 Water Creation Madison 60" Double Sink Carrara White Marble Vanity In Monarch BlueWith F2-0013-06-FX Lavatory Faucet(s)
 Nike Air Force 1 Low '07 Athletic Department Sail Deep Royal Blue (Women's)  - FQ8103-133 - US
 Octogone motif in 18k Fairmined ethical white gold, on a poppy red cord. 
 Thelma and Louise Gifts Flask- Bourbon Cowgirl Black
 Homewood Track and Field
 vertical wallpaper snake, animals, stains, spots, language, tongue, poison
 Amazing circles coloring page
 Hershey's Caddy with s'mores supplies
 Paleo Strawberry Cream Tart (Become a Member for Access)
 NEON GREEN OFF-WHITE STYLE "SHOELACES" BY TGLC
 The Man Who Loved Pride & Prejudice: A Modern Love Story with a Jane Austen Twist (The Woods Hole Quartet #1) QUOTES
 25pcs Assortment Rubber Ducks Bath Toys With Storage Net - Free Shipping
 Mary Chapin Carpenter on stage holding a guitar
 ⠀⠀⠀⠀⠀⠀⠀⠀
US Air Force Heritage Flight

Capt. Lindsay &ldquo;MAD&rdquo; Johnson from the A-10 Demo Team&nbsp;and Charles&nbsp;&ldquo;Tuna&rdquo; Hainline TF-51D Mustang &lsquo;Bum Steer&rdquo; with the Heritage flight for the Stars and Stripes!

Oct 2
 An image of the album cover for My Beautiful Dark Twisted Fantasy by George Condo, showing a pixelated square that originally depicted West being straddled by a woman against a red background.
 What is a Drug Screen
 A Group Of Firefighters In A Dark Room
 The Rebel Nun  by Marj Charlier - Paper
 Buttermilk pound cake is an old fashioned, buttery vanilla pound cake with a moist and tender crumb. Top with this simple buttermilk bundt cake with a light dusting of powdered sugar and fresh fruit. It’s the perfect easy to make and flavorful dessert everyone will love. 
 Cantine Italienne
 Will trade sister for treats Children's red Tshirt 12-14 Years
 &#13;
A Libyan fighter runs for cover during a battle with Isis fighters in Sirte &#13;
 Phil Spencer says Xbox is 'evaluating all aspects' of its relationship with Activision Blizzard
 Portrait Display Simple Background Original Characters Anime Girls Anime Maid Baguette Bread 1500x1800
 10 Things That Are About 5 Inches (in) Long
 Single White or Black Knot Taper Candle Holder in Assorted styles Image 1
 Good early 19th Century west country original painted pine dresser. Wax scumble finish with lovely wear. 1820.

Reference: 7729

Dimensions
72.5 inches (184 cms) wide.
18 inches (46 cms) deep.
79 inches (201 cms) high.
──────
◆ **What needs to be done**: Copy each line above that contains the string "cover".

◆ **Solution to this problem**:
 An image of the album cover for My Beautiful Dark Twisted Fantasy by George Condo, showing a pixelated square that originally depicted West being straddled by a woman against a red background.
A Libyan fighter runs for cover during a battle with Isis fighters in Sirte &#13;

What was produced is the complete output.